Expansion tactics. The firm should concentrate on building those parts of the practice that occupy the desired target value position. Tactics focused in this area would include:
  • Direct, targeted marketing approaches to build additional client base in the practice area
  • Branding efforts to concentrate the firm's reputation on the elements of the practice occupying the desired market position
  • Lateral hiring to expand the depth of talent and increase the client base
  • Focused resources (e.g., the strongest associates, technology, etc.) to assure the ability to service and build the practice
  • Client and practice management efforts to improve the management of the practice and build reputation (See Practice Management for more information.)
  • See Capitalizing on a Law Firm's Growth-Is Bigger Better? for more information.

Migration efforts.
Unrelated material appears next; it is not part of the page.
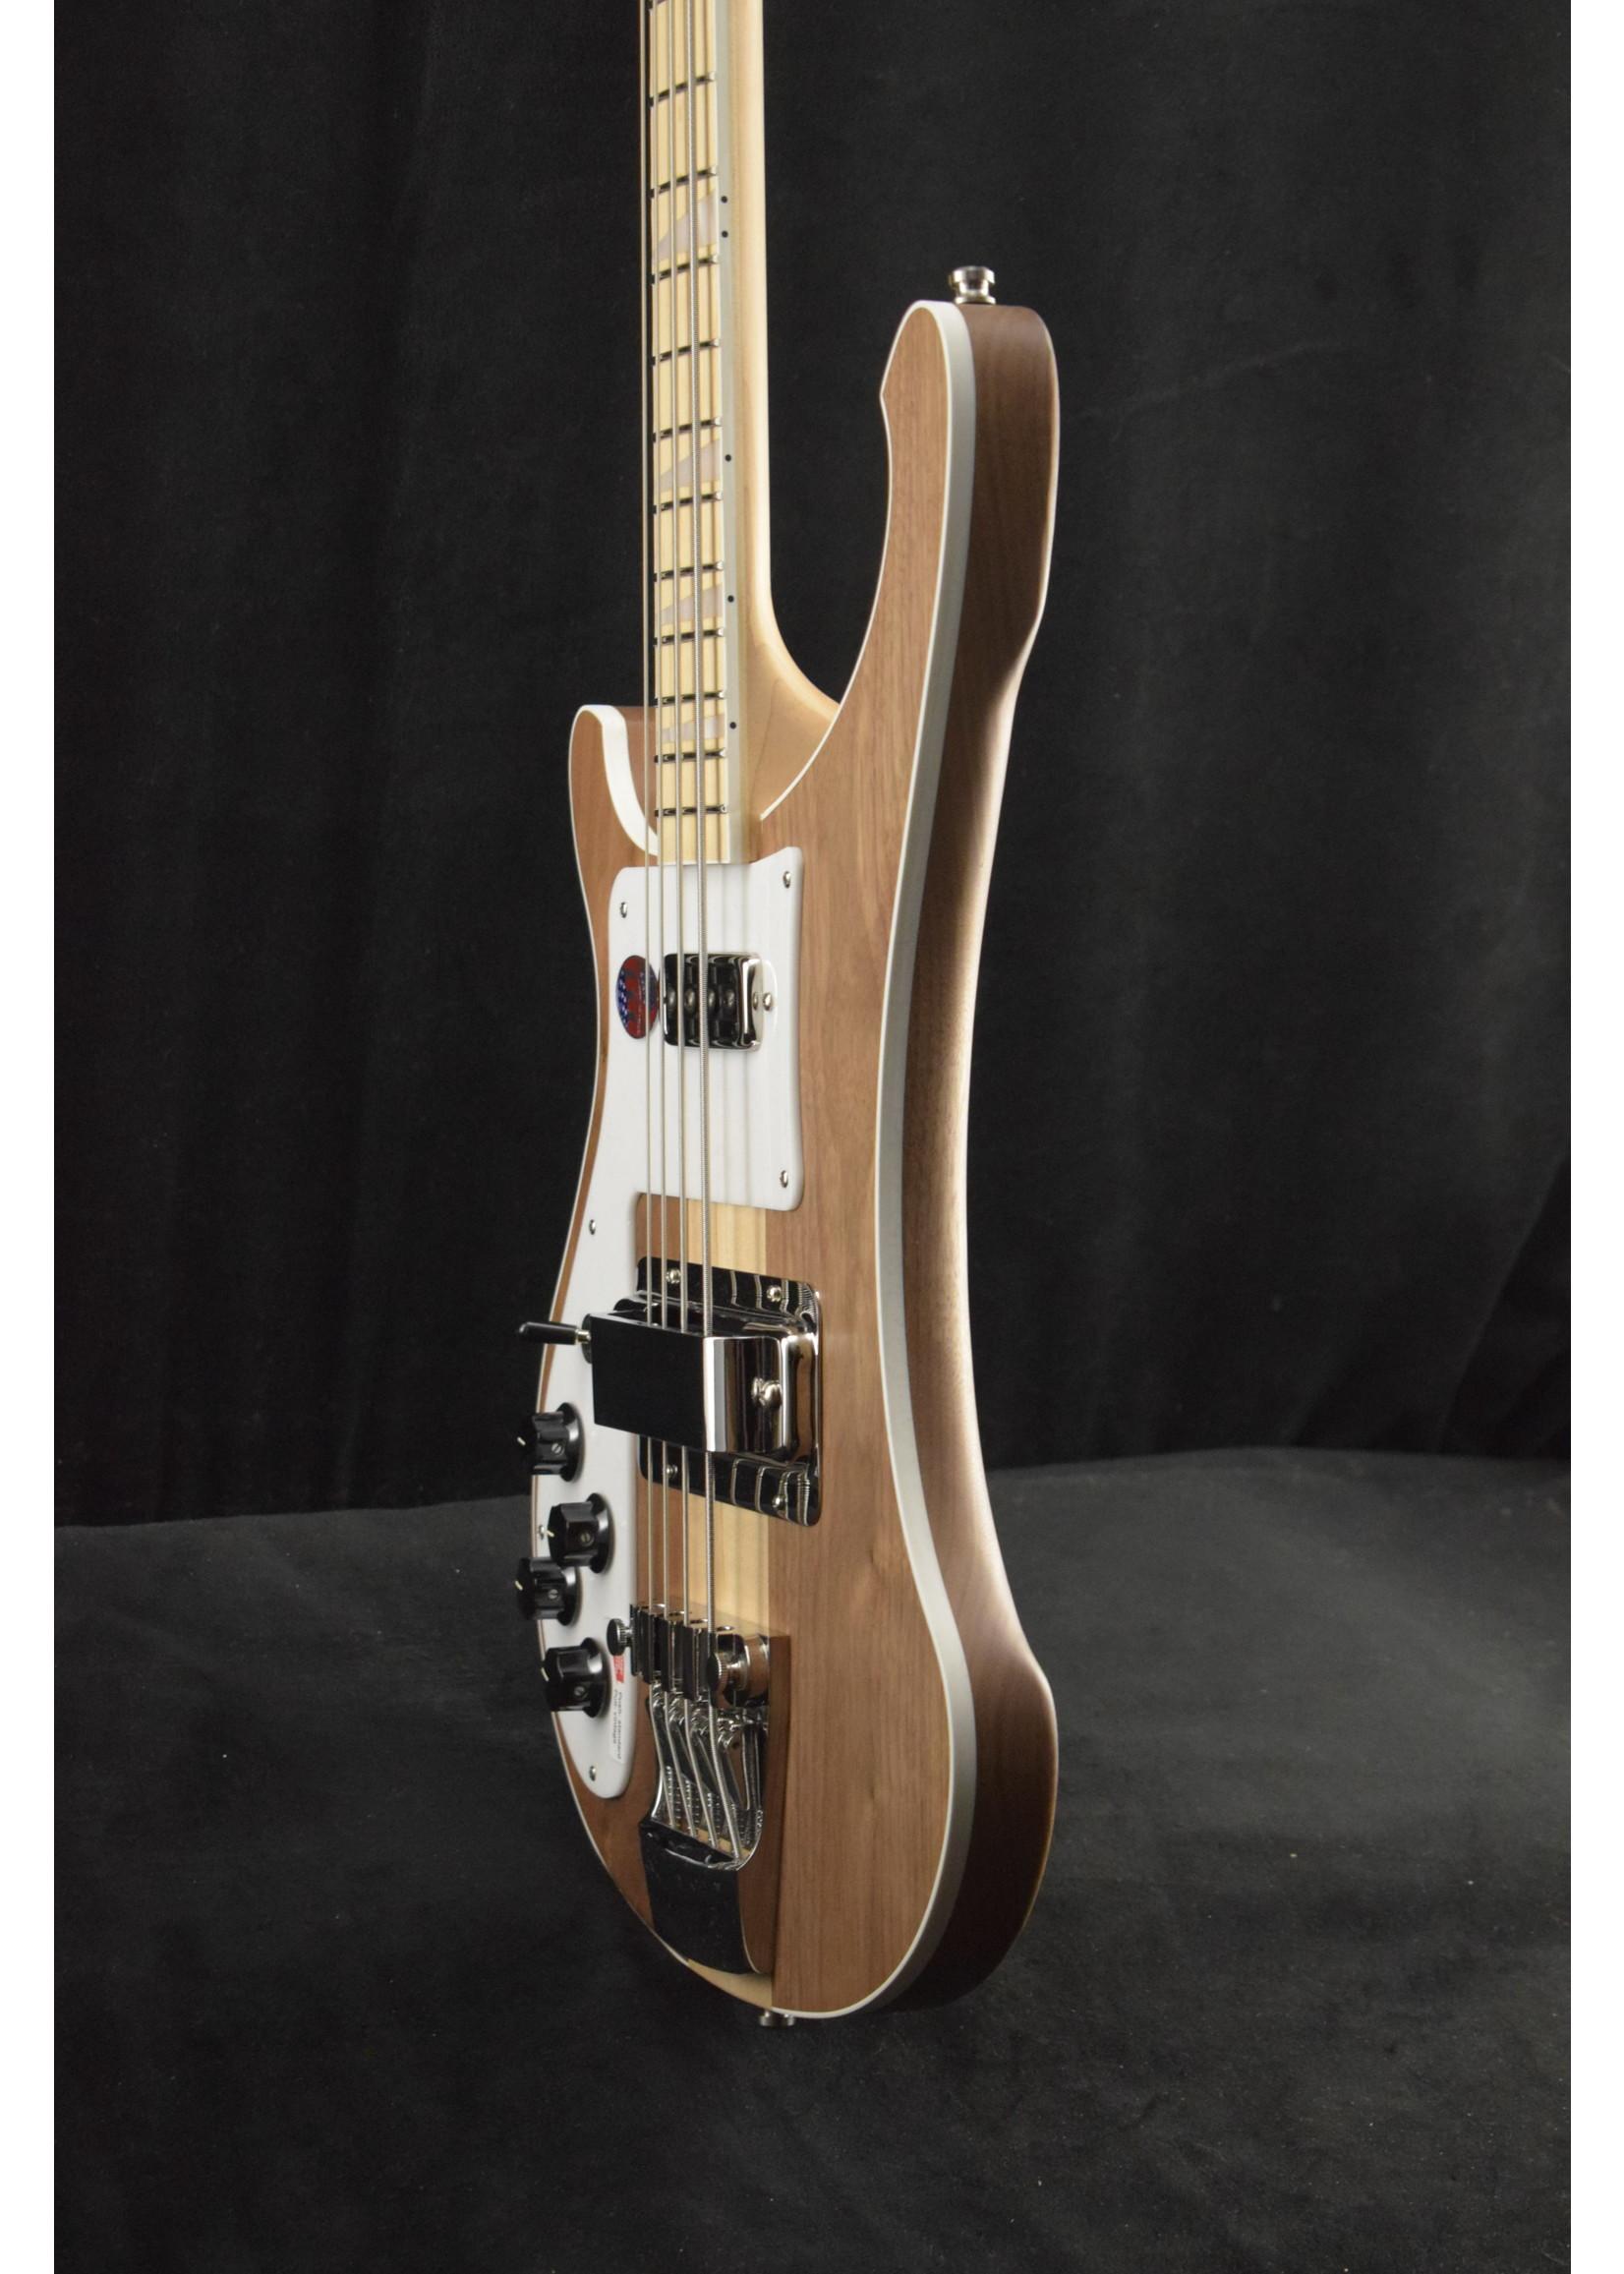 Rickenbacker Rickenbacker 4003W LH Left-Hand Walnut Bass Guitar Natural with Vintage Silver Vinyl Hardshell Case

For practices that are core to the future of the firm but where the current value position is relatively low, strategies to gradually migrate the value position would include:
  • Expansion of the depth of talent through lateral hiring at a level higher than, but close to, the current value position, allowing for gradual position migration.
  • Refocusing of existing skills and market research to identify adjacent segments of the practice that are of higher value than the current position.
  • "Borrowing" the reputation of higher-value practices to focus cross-selling on achievable targets, thus increasing the value of the work received.
  • Re-pricing resources as value and depth develop to feed improved market perception
  • Investment in training and development to upgrade skills and expertise.
  • As appropriate, merger or significant acquisition to add depth and enhanced credibility.

Contraction efforts. Some practices in the firm that do not occupy the desired value position and are not core or necessary to support the core client base should probably be spun off, absent compelling independent justification for their continued presence. However, there are likely to be other practices and, potentially, portions of the core practice that are demanded by the firm's core client base but that do not occupy the firm's desired value position.

The goal with these practices is to limit them to that which is necessary to support the core clients of the core practices and other strategically critical practices – not to market to an independent client base or develop an external reputation.

Specific tactics might include:
  • Reduced investment (or elimination of investment) in marketing activities. This may include elimination of website references, brochures, and the like.
  • Strict controls on new client and matter acceptance.
  • Reduction in hiring and restricting hiring to limited necessary skills.
  • Controlling compensation, but assuring necessary practitioners are properly compensated.
  • Leveraging to technology, paralegals, staff lawyers, and other lower-cost practitioners to maximize efficiency.

It is critical that management manage the expectations of those practitioners in these areas. Most lawyers want their practices to grow, but such growth might be counter to the goals of the firm. Of course, the firm walks a fine line in these areas, because maintaining talent will require believable assurances of job security and professional satisfaction. In many cases, the firm will need to determine whether maintenance of the practice is truly necessary.

Achievement of value convergence of core firm practices thus requires substantial efforts over an extended period of time. Absent a degree of value convergence, firms have limited potential to achieve their strategic goals, thus sacrificing economic and market success. For those willing to take the steps necessary to achieve it, however, the benefits can far exceed the costs.